Sustainable, Low-Cost Upcycling of Wind Turbine Transition Pieces

Project Description:

Wind turbine blade and nacelle parts after manufacture need to be protected during transportation to prevent damage before assembly. They are wrapped into plastic “bags” (polyvinyl chloride (PVC) transition covers). These transition covers are discarded after use, creating environmental concerns, contributing to the global plastic crisis. Ørsted is an international company working on offshore and onshore wind farms. Ørsted has a hub in Grimsby (East Coast Hub), where over 70 tonnes of plastic covers are held in an outside enclosure, with no end of use strategy.

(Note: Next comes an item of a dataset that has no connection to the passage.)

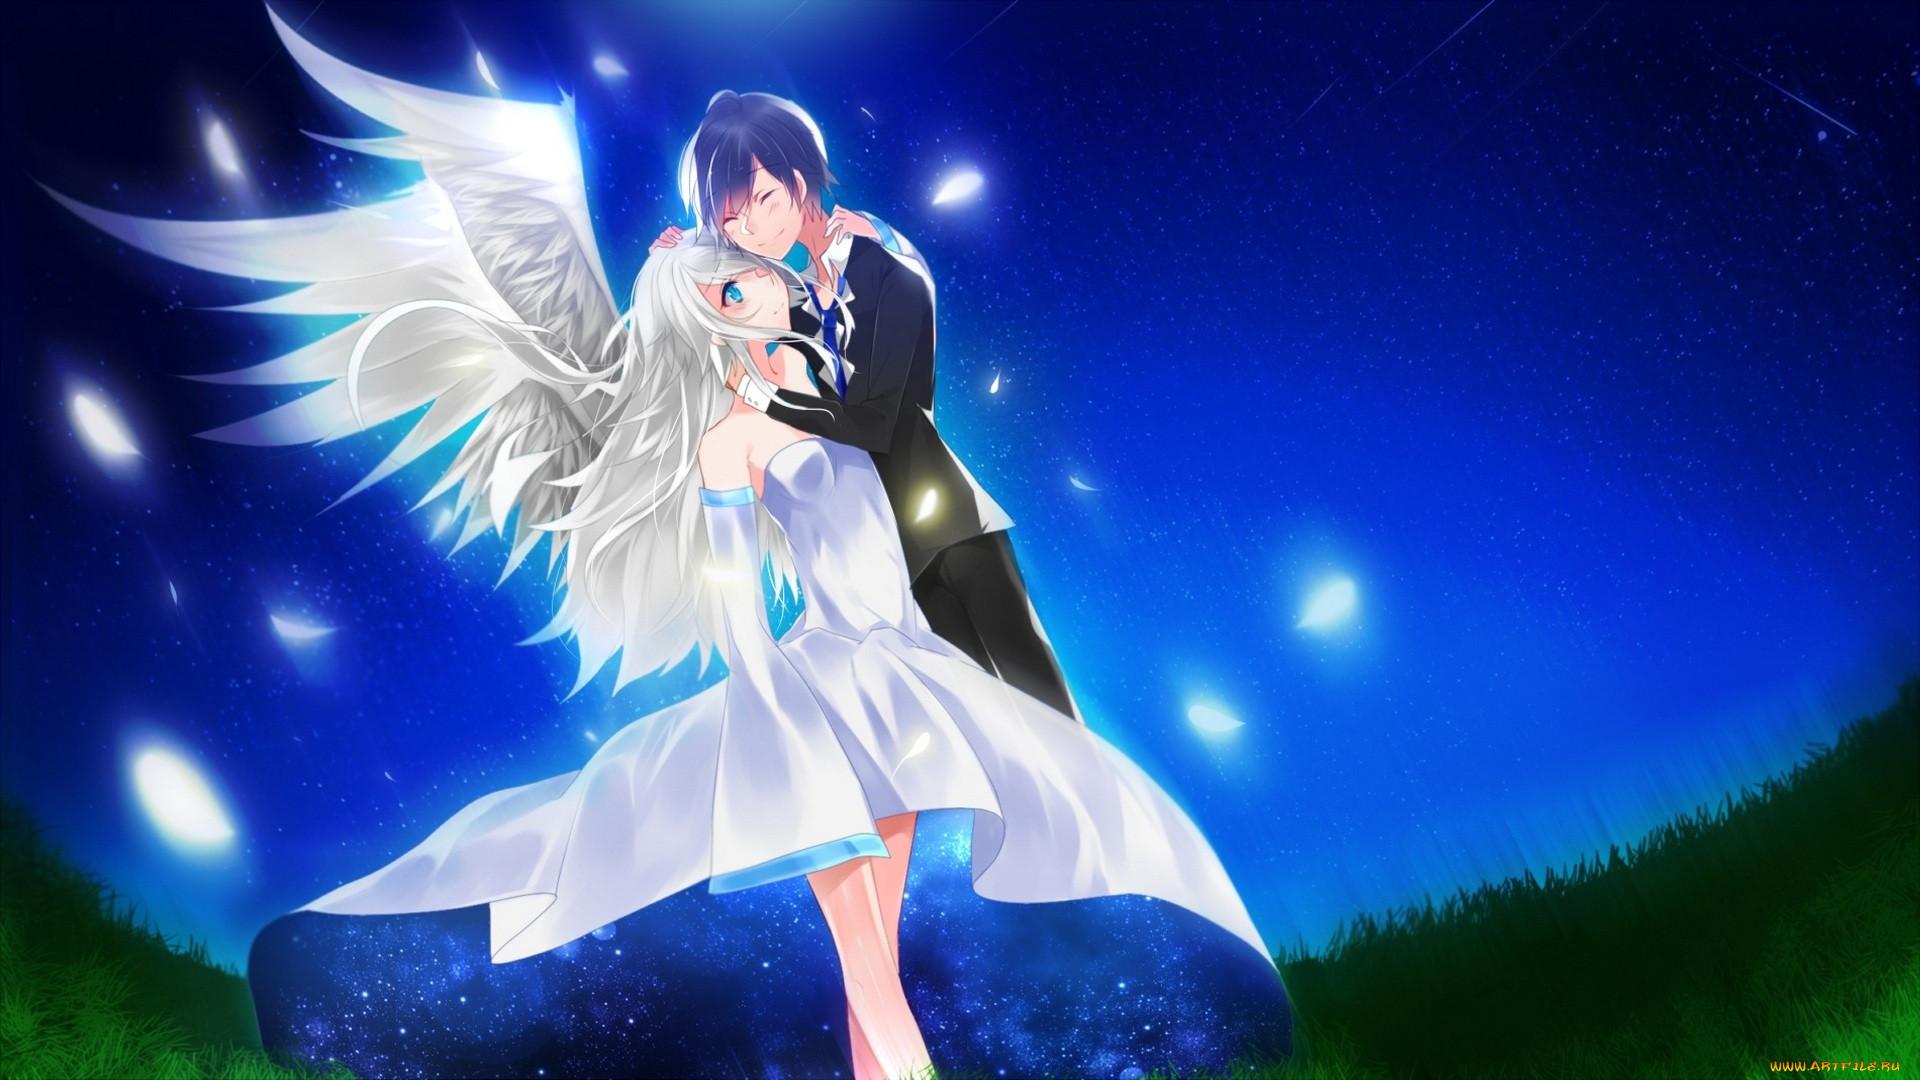 Аниме демоны парни и ангелы картинки

This project investigates environmentally friendly chemical processes to upcycle plastic waste into valuable products (fuels and fine chemicals), using ight as the power source (photocatalysis) and establish a circular economy for offshore wind.

This approach is copied from natural processes, in which plastic materials are decomposed by solar light. These natural processes, though, can take decades, this work aims not only at speeding up the natural decomposition of plastic under light but also to do so in a controlled manner, so that the decomposition reactions can be tailored to give valuable molecules. We will make the “tools” (photocatalysts) that turn light into energy for the controlled decomposition reaction of plastic. The photocatalysts are embedded in the plastic and the resulting composites placed in a liquid medium and exposed to light. The high-value molecules from the controlled decomposition of the plastic leach into the liquid medium, from which they can be extracted. We also aim at studying the conditions of the decomposition reaction towards the optimization of time, yield and sustainability.

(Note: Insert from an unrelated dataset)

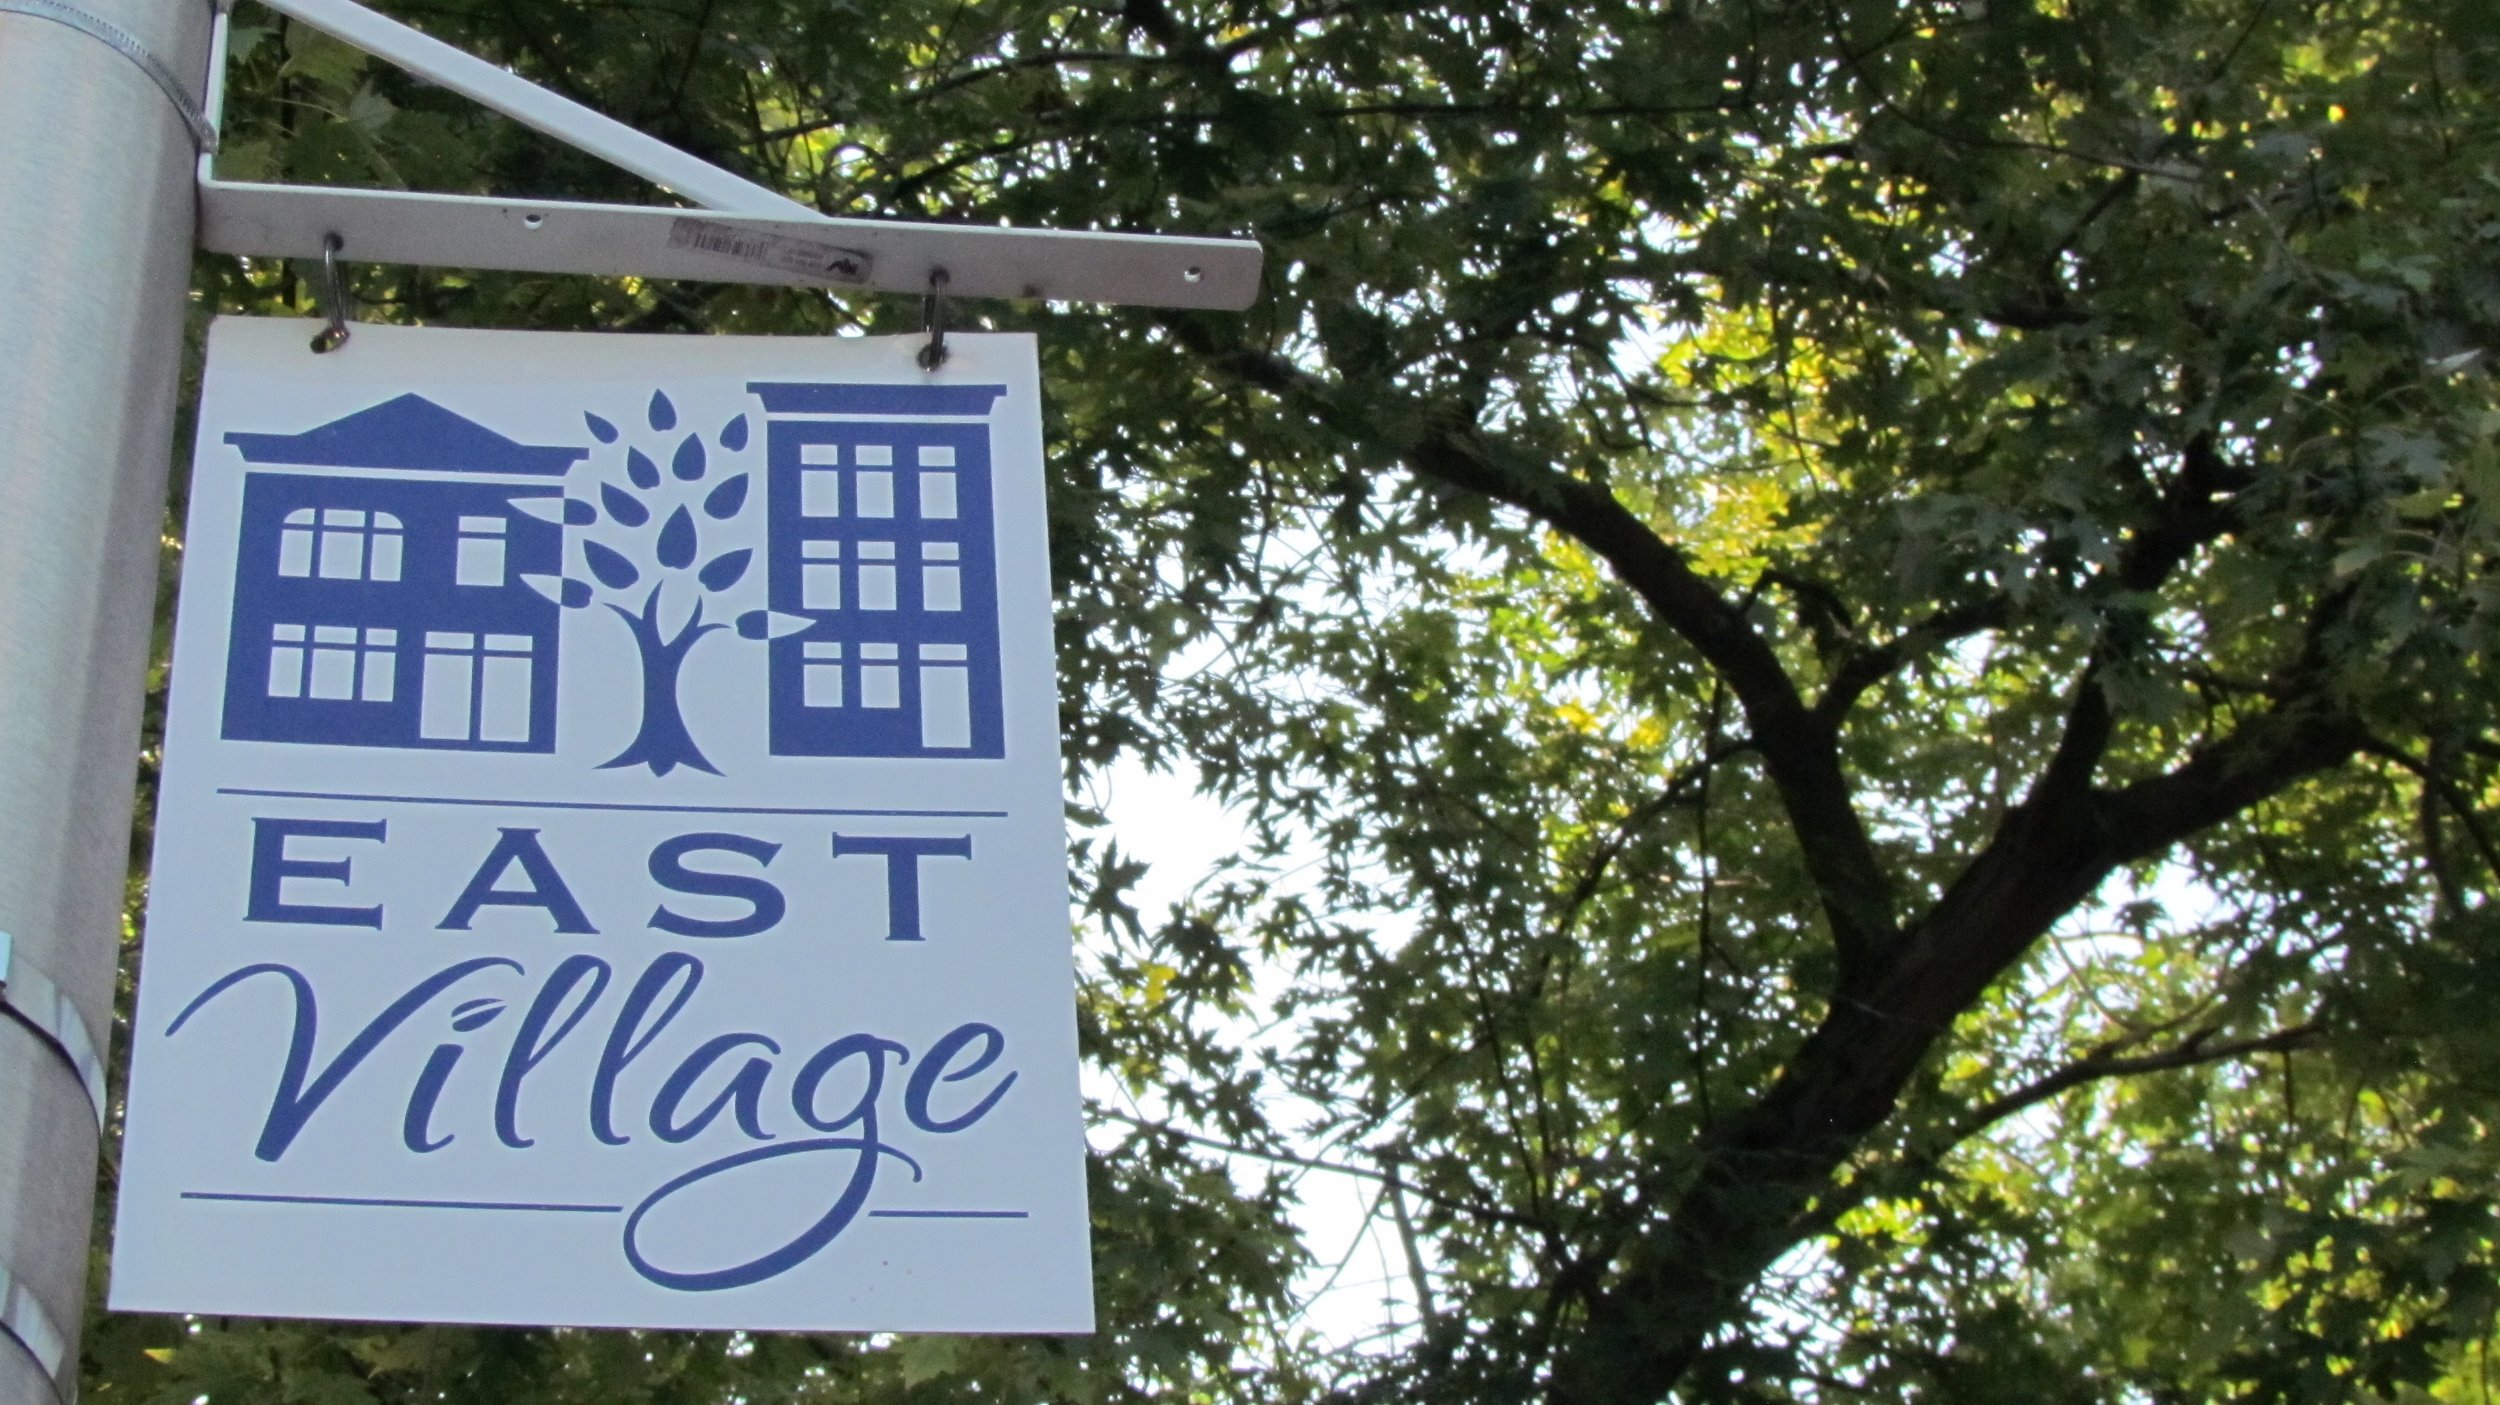 East Village Real Estate

The process developed here follows from the funded project “Sunburst” [3751266 Research England] where non-toxic, low-cost iron oxide was used as photocatalyst for the controlled decomposition of PLA and water as the liquid medium in which the high-value monomer, lactide, was released after exposure to UV light. The use of water for PVC has the further advantage of “extracting and storing” chloride, giving a solution of reusable chloridric acid and, at the same
time, avoiding the production of chlorinated organic molecules, considered an environmental pollutant. High-value molecules such as alkanes (fuel and lubricants) were obtained from pure PVC using a UV light, in preliminary studies. We will concentrate on PVC samples provided by Ørsted, who awarded MGF an Innovation Exchange prize (Upcycling Protective Plastics from Offshore Wind Farms; £ 21250).

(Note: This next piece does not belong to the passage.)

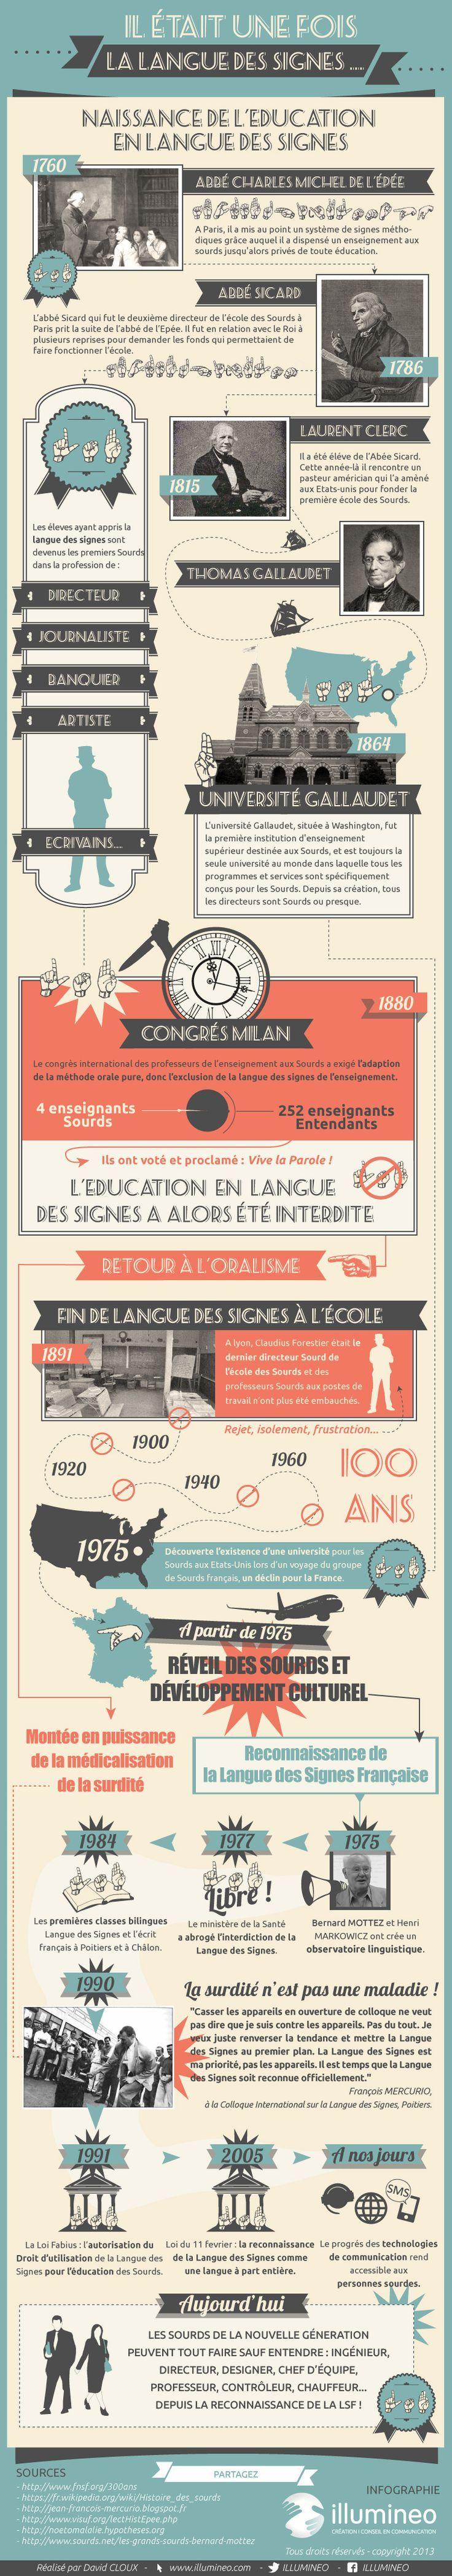 infographie langue des signes

The focus on PVC waste material from real transition covers, instead of model PVC, will introduce new challenges, such as the identification of additional plasticisers, dyes and other additives and the development of processes to separate them from the PVC, that can then be re-utilised in the photocatalytic decomposition towards high-value products. We also aim at establishing the basis for studying upscaling of the processes discovered so far, moving from milligrams to grams before the end of the project.